You're getting younger Kal. You like simplicity in differentiating, and are up to date with the Internet. :T

* But I'm sorry, "Multipontential" and "Pluripotential" are two big of a words for me. :blink:

Regards Kal,
Bob


----------



## recruit (May 9, 2009)

Nice Run down Aaron :T It looks so compact but with plenty of features!


----------



## selden (Nov 15, 2009)

I recently bought a 1501 for my bedroom system. A concern for me is the low power (50W/channel at 8 ohms). I usually have to turn it up to about the half-way value to get a reasonable sound level. Of course, the sound level also depends on the recording level of the source material. For some pop/rock CDs I discovered that I had to turn it way down!


----------



## recruit (May 9, 2009)

It is a very tidy solution and will fit in almost anywhere, when compared to other offerings...


----------



## KASR (Jun 9, 2009)

Continuing to tinker with it - just ran the EQ Setup to solve a problem with TrueHD not sounding quite right and lo-and-behold it not only fixed the problem, but it sounded pretty good across the board!


----------



## Lordoftherings (Feb 8, 2009)

selden said:


> I recently bought a 1501 for my bedroom system. A concern for me is the low power (50W/channel at 8 ohms). I usually have to turn it up to about the half-way value to get a reasonable sound level. Of course, the sound level also depends on the recording level of the source material. For some pop/rock CDs I discovered that I had to turn it way down!

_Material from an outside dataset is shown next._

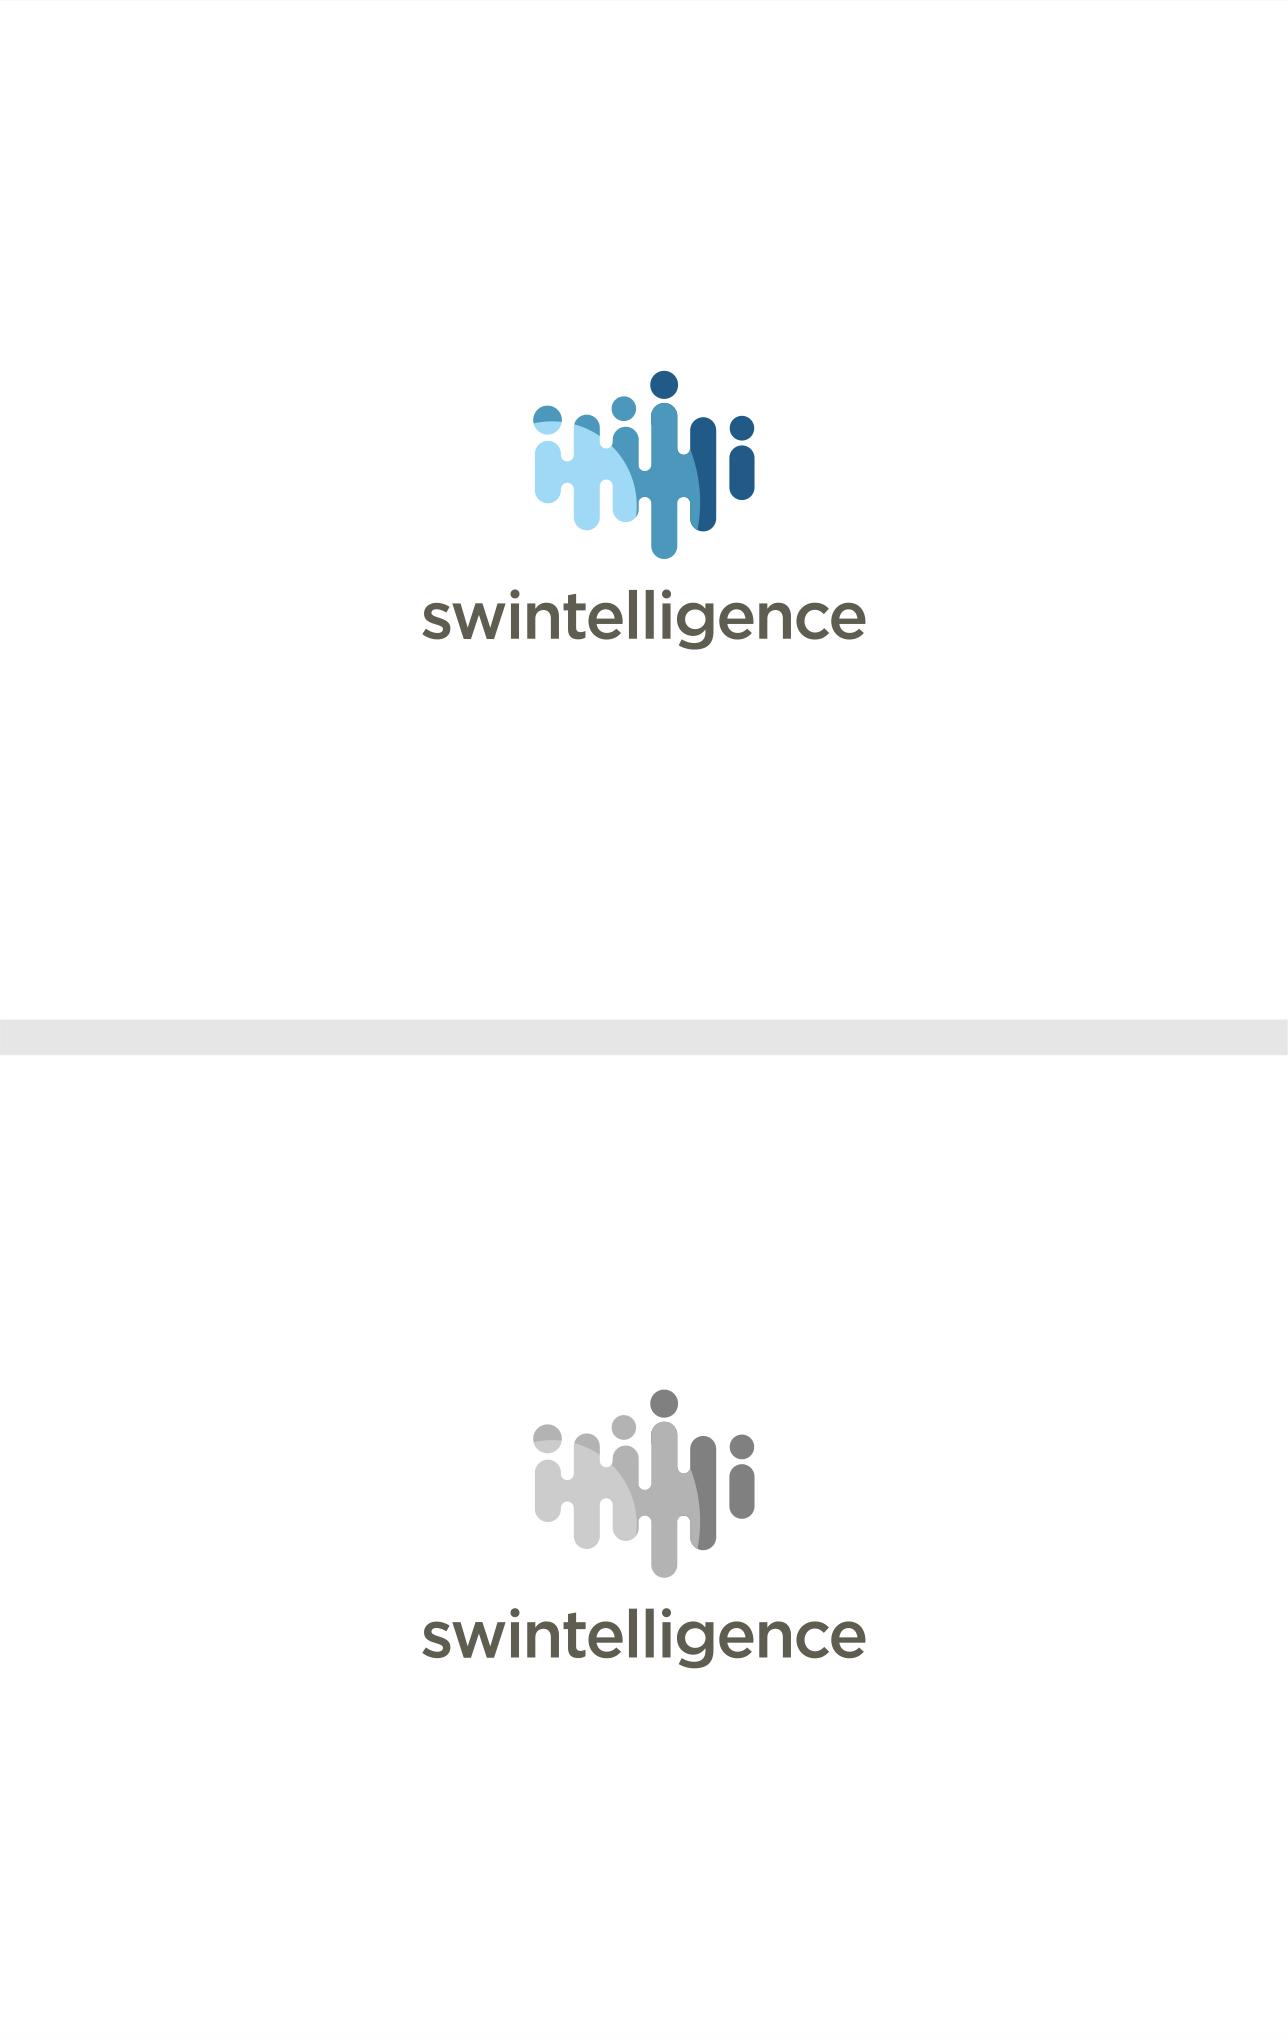 Create an attractive, inspiring logo for a new open innovation crowdsourcing platform

Don't be concern about this, it is absolutely normal, just like you said it yourself (dependent of the source material).



KASR said:


> Continuing to tinker with it - just ran the EQ Setup to solve a problem with TrueHD not sounding quite right and lo-and-behold it not only fixed the problem, but it sounded pretty good across the board!


Excellent news! :T


----------



## selden (Nov 15, 2009)

Lordoftherings said:


> Don't be concern about this, it is absolutely normal, just like you said it yourself (dependent of the source material).


My concern is with clipping when I turn the gain way up. I'd rather not fry my tweeters.

Can anyone recommend any oscilloscope software / microphone combination that can be used to view the audio waveform?


----------



## Lordoftherings (Feb 8, 2009)

selden said:


> Can anyone recommend any oscilloscope software / microphone combination that can be used to view the audio waveform?


I believe that Mr. Kal Rubinson might be able to help you out on this. Just ask him personally, I'm sure he'll be delighted.
* See post #8 for his name.


----------